First, the development direction of sustained and controlled release pharmaceutical preparations
A new development direction of sustained and controlled release preparations abroad is put forward, that is, the goal is to prolong the action time of drugs, facilitate medication, stabilize the blood concentration and reduce side effects, so as to improve the curative effect of patients in disease state. Such as nifedipine osmotic tablets and diltiazem hydrochloride sustained-release capsules, etc., due to the advanced sustained-release technology, they have achieved ideal medicinal properties. Therefore, the problems that should be considered when developing new sustained and controlled release preparations include:
1. Can this preparation improve the therapeutic value? That is, can the preparation reach the required release speed (unsteady release), release time (non-prolonged release time) and release site or target? 2. How does the preparation meet the above requirements? That is, are the above drug release products optimized? Is the correlation between pharmacokinetics and pharmacodynamics obtained through pharmacodynamic and pharmacological experiments, especially in disease state? 3. Is the dosage form and process selected for this preparation the most suitable for the above characteristics? Whether it includes the comprehensive consideration of pharmacoeconomics, the convenience of medication and the formulation of dosage plan.

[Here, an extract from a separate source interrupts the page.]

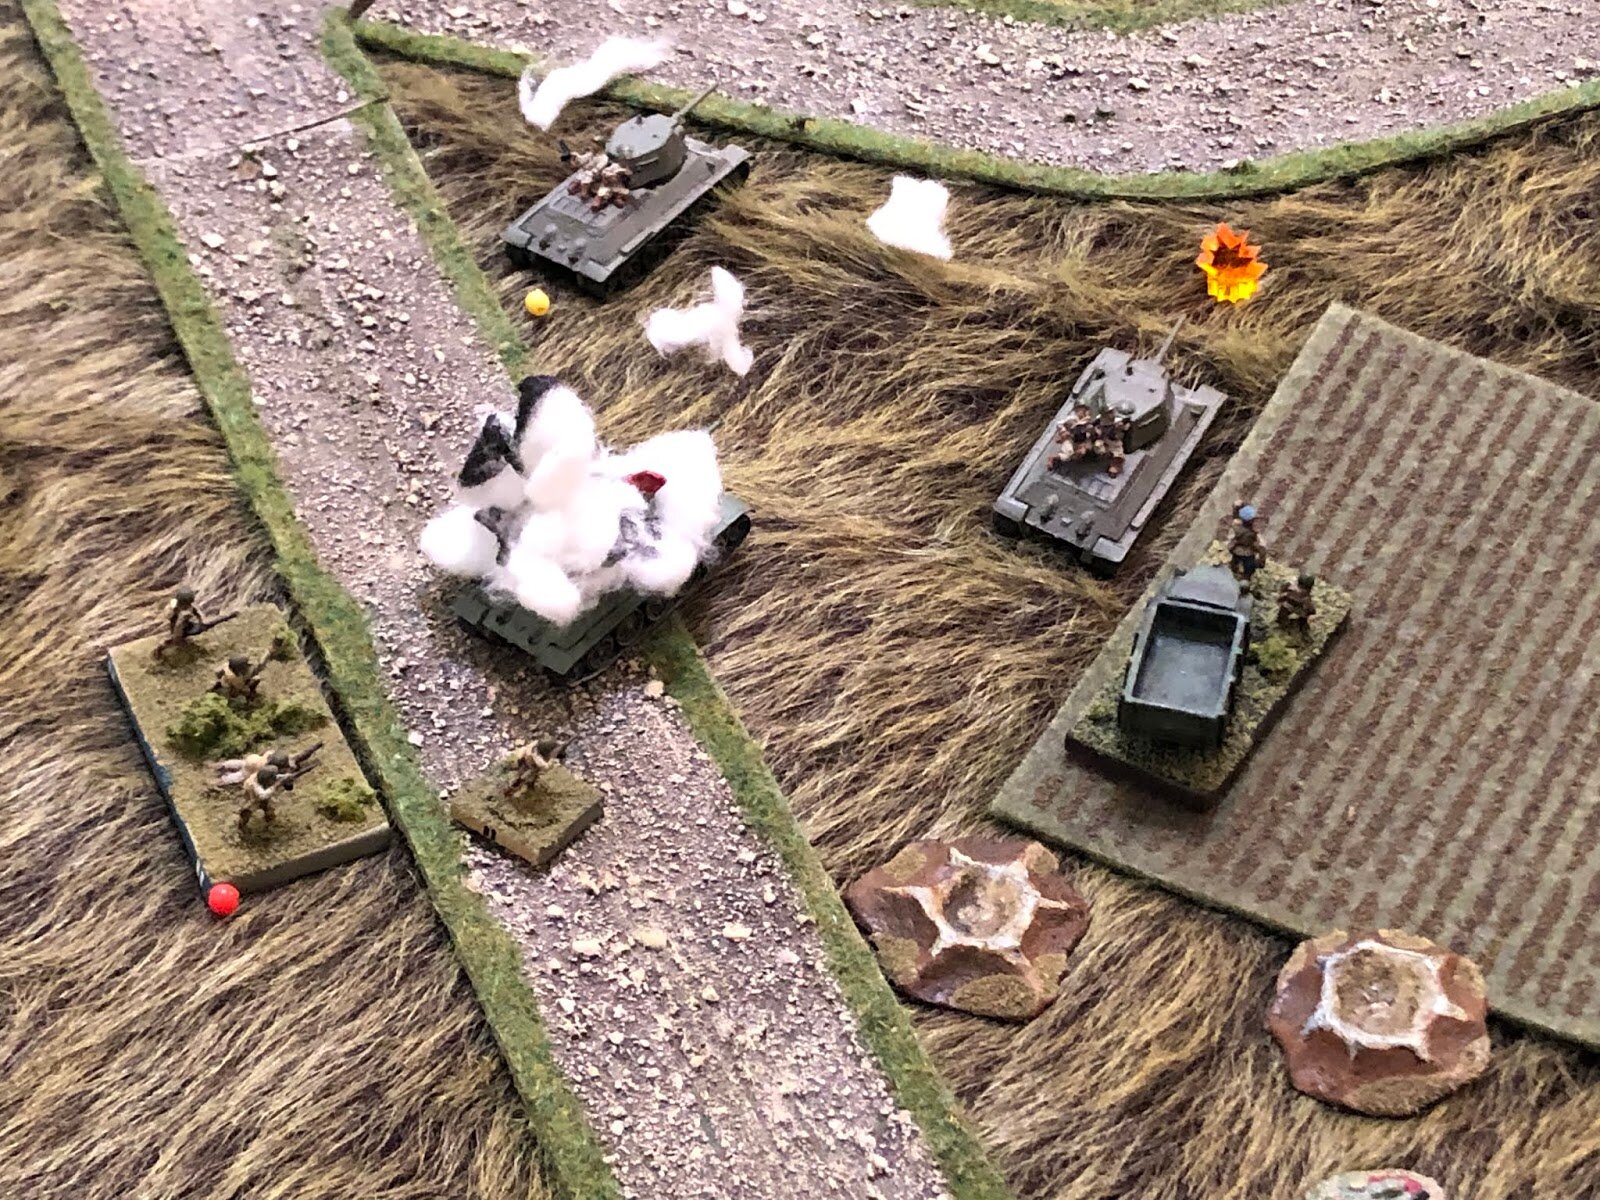  In the Soviet center, the 2nd Tank Rider Platoon commander rallies his suppressed squad (far left), but the riders at top left continue taking fire and now they're suppressed! 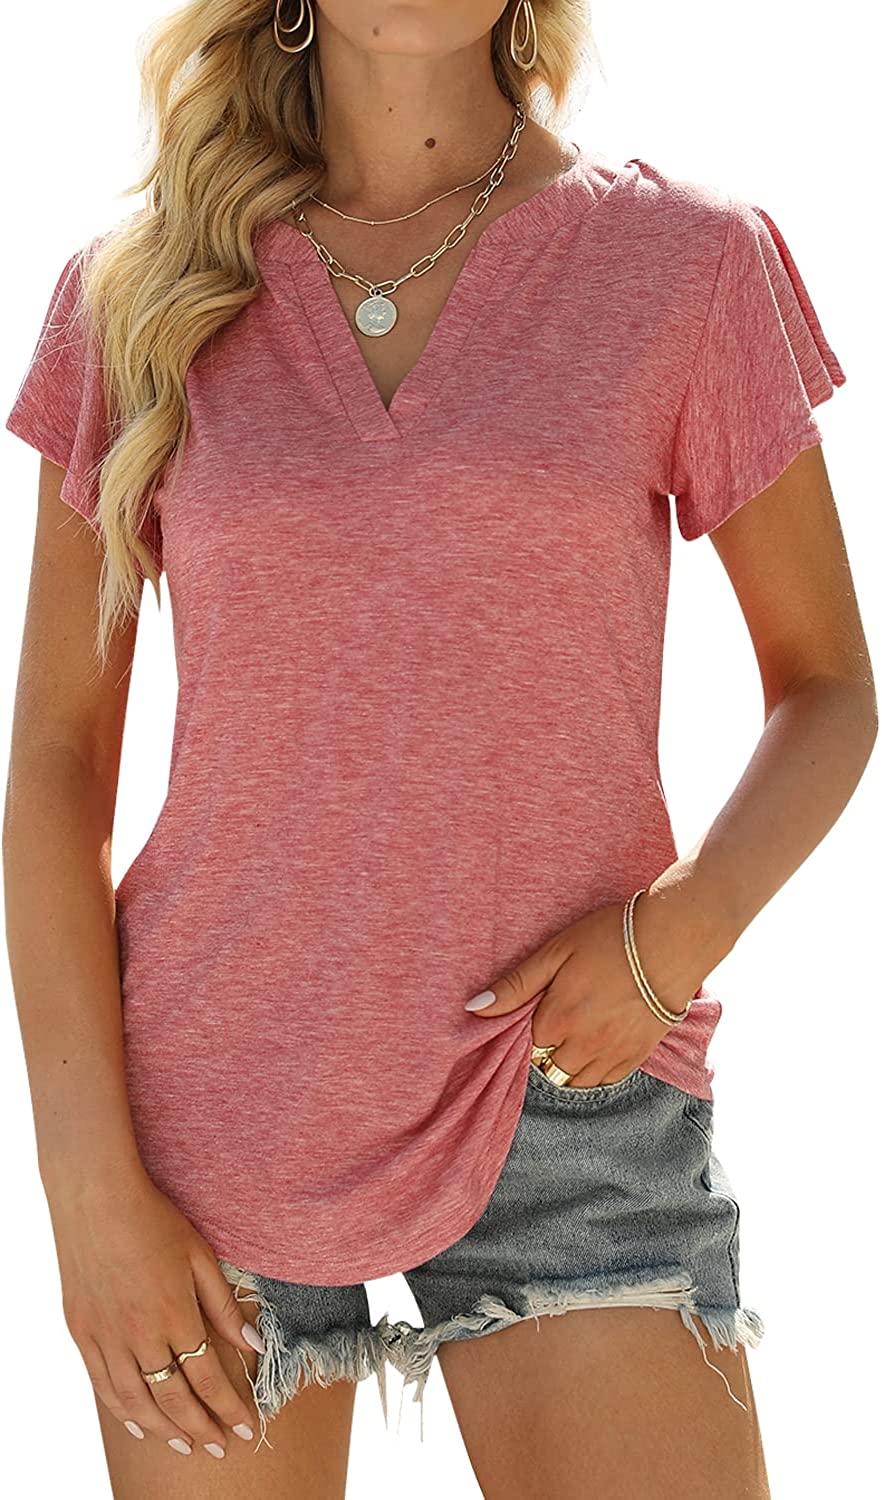  Womens Business Casual Tops

The important progress made according to this goal is the timed pulse sustained release system developed according to the time pharmacology of disease treatment. For example, the designed metoprolol sustained-release pulse preparation is administered 1 time within 24 hours and 10 at night. After 6 hours, the drug begins to release slowly, reaching the maximum blood drug concentration at 8:00- 12 in the morning, and then maintaining the effective blood drug concentration until the second administration. This is undoubtedly superior to the general sustained-release preparation in treating migraine with the highest frequency of attack in the morning. Verapamil hydrochloride osmotic pump tablets also adopted a similar design idea, using computer programs to control the timed release of drugs. However, as far as the properties of most sustained-release and new social release preparations at home and abroad are concerned, this goal is far from being achieved. Many development and research work did not involve and solve the above problems, especially the latter two problems did not attract enough attention. The development of sustained-release and controlled-release preparations puts forward high requirements for the depth of research and development, which increases the difficulty, cost and cycle of research and development to a certain extent, but high-quality products will inevitably achieve greater social and economic benefits. Nifedipine osmotic pump tablets and diltiazem hydrochloride sustained-release capsules are the top four varieties in new drugs and new systems.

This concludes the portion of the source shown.